Все умолкли, прислушались, а Никита Никитич, уже нацелившись на баранью ляжку, подумал:

«Эх, Прохор, Прохор, и до чего ж ты охотник поговорить! И тут речи — мало тебе было митинга, только зазря время терять…»

— А слово мое будет короткое, — продолжал Прохор, сжимая пальцами кружку, боясь, чтобы не расплескалось вино и чтобы никто не заметил, как дрожит его рука. — Поглядите сперва вон в ту сторону, на этот красивый домик, что приютился себе под кручей. Поглядите на провода, что убегают во все стороны! Чьих это рук дело?

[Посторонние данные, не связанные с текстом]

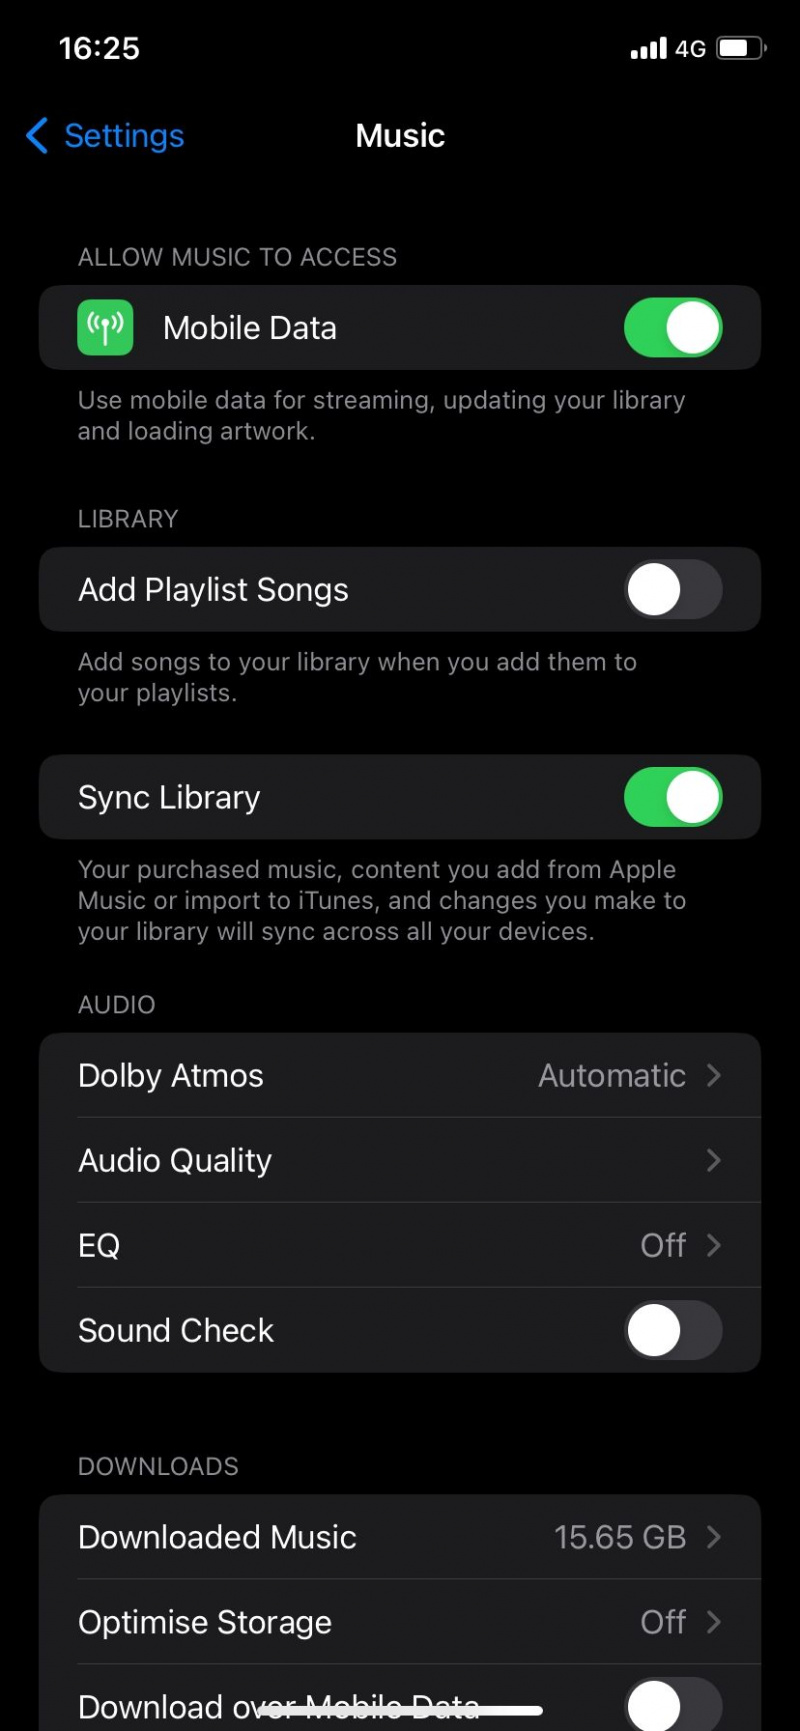 Apple Musicin käyttämän tiedon määrän minimoiminen

Наших рук и наших помыслов… А прислушайтесь! Эге-ге-ге! Шумит, не умолкает Кубань, и хоть с детства мы ее слышали, привыкли к ее песне, а только ныне песня у реки иная, потому что падает вода с высоты небывалой… Песня та новая, как и вся жизнь наша… И вот я скажу ради такого случая: думалось тем, кто в сорок втором году топтал, паскудил нашу землю, что мы уже не подымемся до той высоты, на какой допрежь были, что не избавимся после войны от беды-лиходейки. Прошло с той страшной поры немного времени, а мы не только поднялись, но и расправили плечи, и такой взяли разгон, какого еще никогда не было…

— Прохор Афанасьевич, — хитро жмурясь, сказал Никита Никитич, — речь твоя правильная, одобряю, а только взгляни, где солнце… Закругляйся!

— Погоди малость, Никита Никитич, солнце от нас не уйдет, а потому и не торопи меня закругляться. — Прохор погладил усы. — Днем нам будет светить небесное солнце, а ночью — свое! А теперь, люди добрые, поглядите сюда, на угощение. На столах — полная чаша. Было это до войны — и сызнова есть, будет и никогда не переведется, потому как жизнь свою мы поручили нашей дорогой коммунистической партии. — В этом месте речь Прохора была прервана аплодисментами, и когда снова наступила тишина, Прохор продолжал:- Потому и выпьем мы первую чарку за свою советскую власть, за коммунистическую партию!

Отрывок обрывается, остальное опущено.